The streets, off-season, were dark and deserted. Max drove in the general direction of the water, following signs for overflow parking lots, weaving down the narrower roads behind the boardwalk, looking for an empty curb. He parked illegally thirty feet from a boardwalk ramp. Ray Harryhausen, out of his carrier in the backseat, lifted his head at the sound of the cut engine, sighed deeply, curled himself into the world’s largest cinnamon roll, and fell back asleep.

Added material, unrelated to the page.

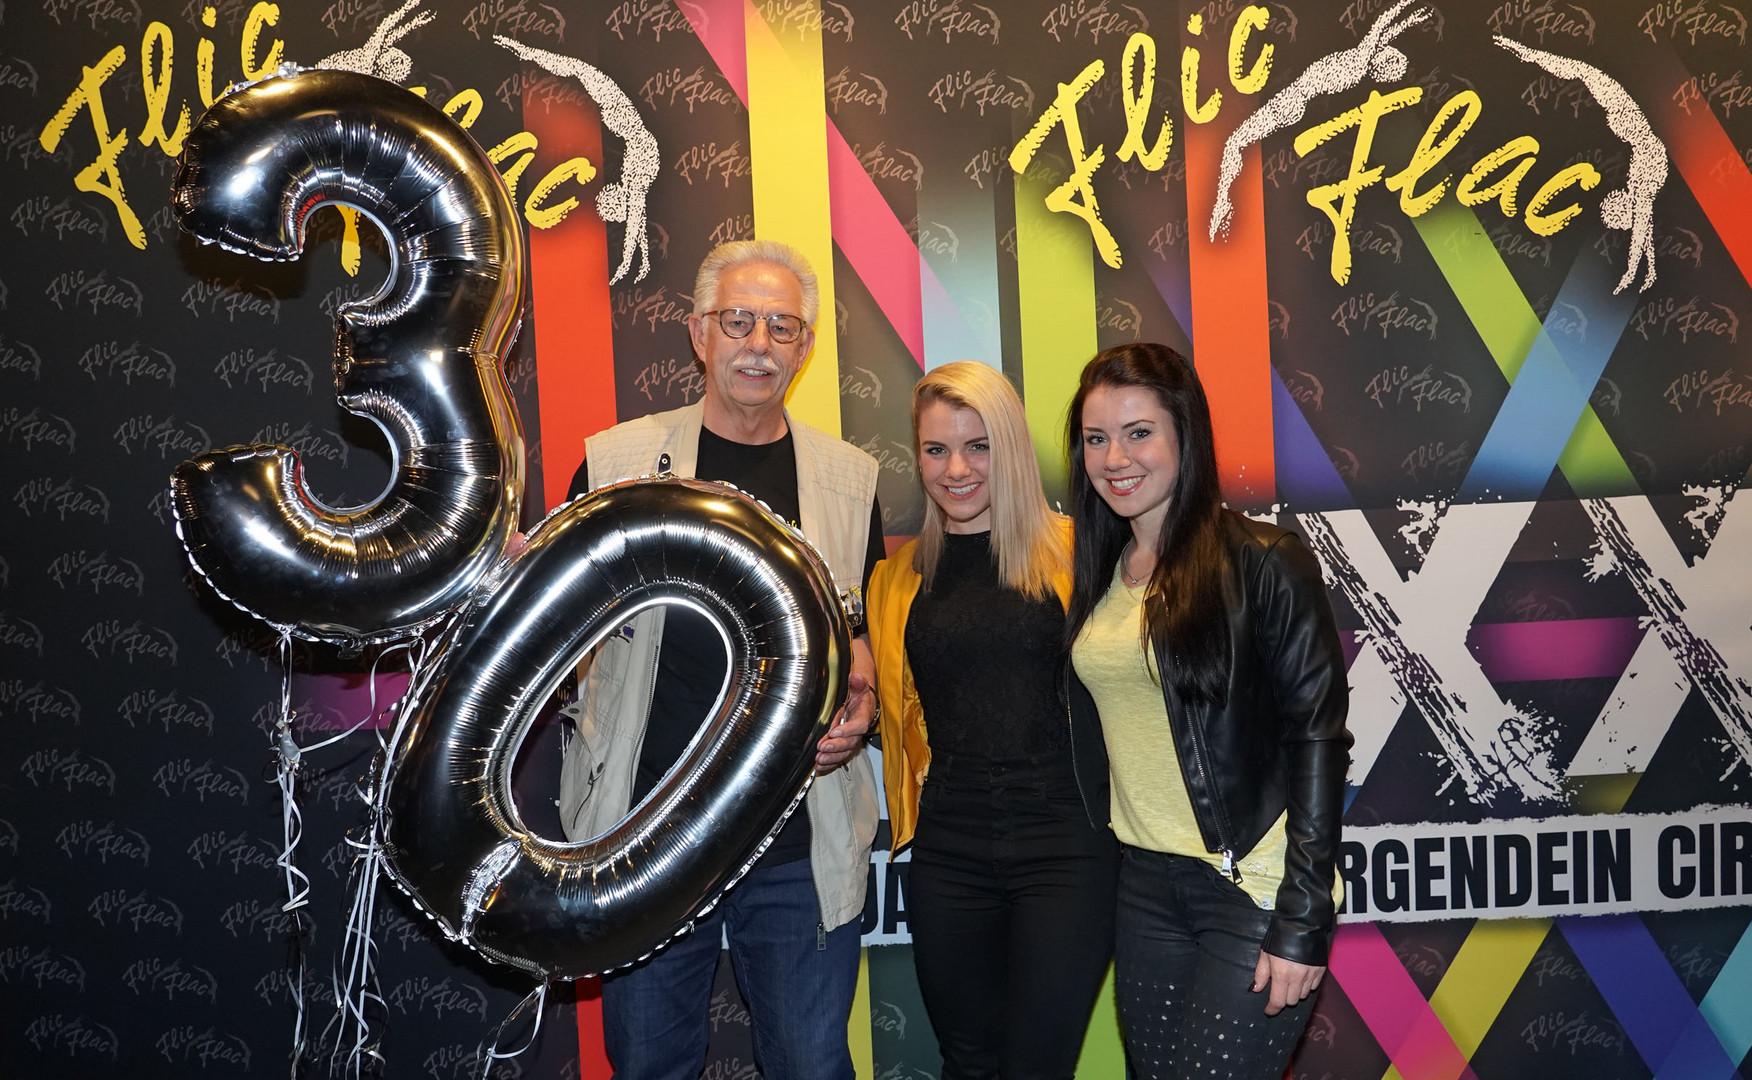 Geburtstag 30 Jahre Flic Flac
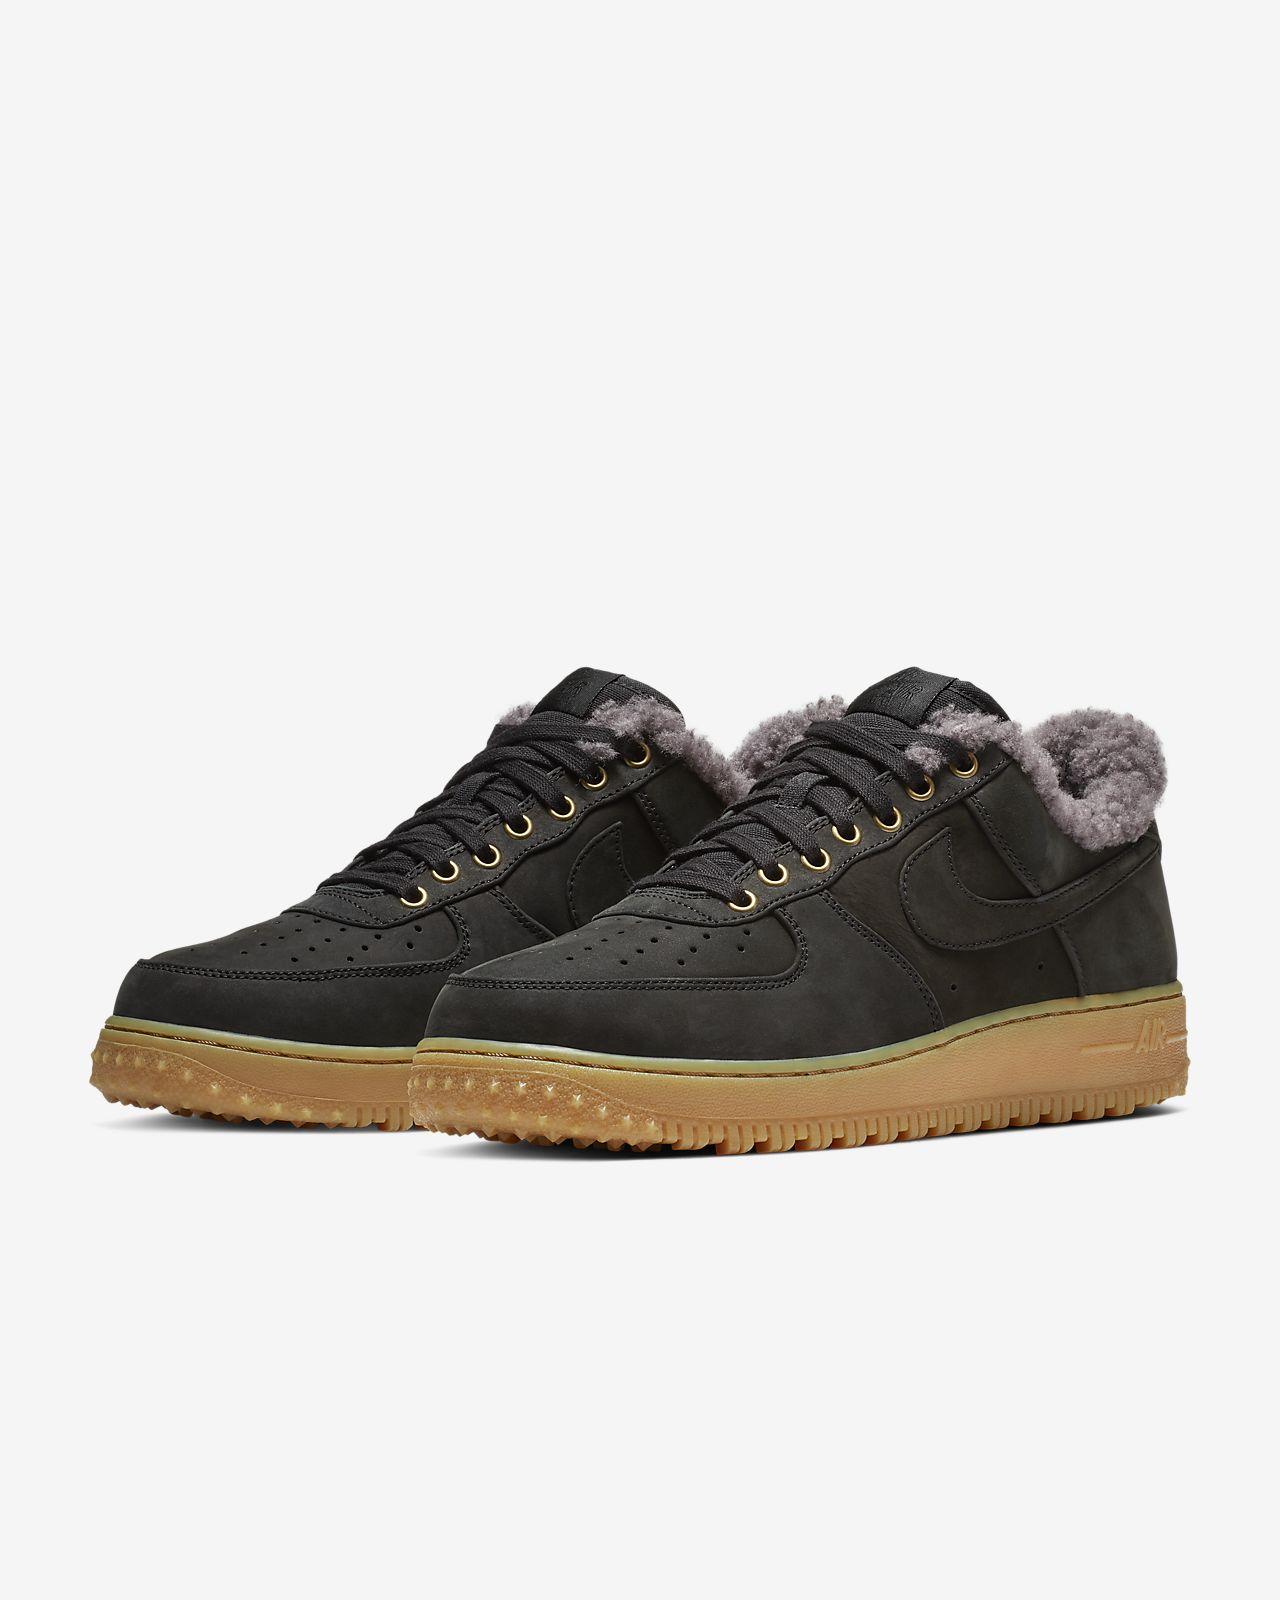 08353a84 Мужские кроссовки Nike Air Force 1 Premium Winter. Nike.com RU

Arthur had been to plenty of New England beaches, but Jersey beaches were different, which he knew as soon as he opened his door. They
smelled
different: saltier, warmer, even for October. Wind ruffled his hair and he started walking, clutching the parcel of Amy to his tender chest, and then he began to run up the wide wooden ramp, old
boards creaking beneath his pounding feet, and it was there, it was all there at the top: to the right and to the left, as far as he could see in the darkness, were the pizza stands and the junk shops, boarded for the night or the season, he couldn’t tell, that Mona had brought to life for him. This was the place where Amy and Mona had been children, where they had discovered choice and possibility, had tasted freedom and the rest of their lives. There were streetlamps the length of the boardwalk but they were weak fireflies compared to the moon, enormous, full but for one flattened edge, closer than Arthur had ever seen it, so large and bright it momentarily cowed him. He was pinned by its light, stunned and immobilized by the enormity of time, of everything that had come before his tiny speck of a life and everything that would come after. And then he heard it—the ocean—turning over, moving, breathing, and he freed himself from the moon’s thrall and remembered why he had come.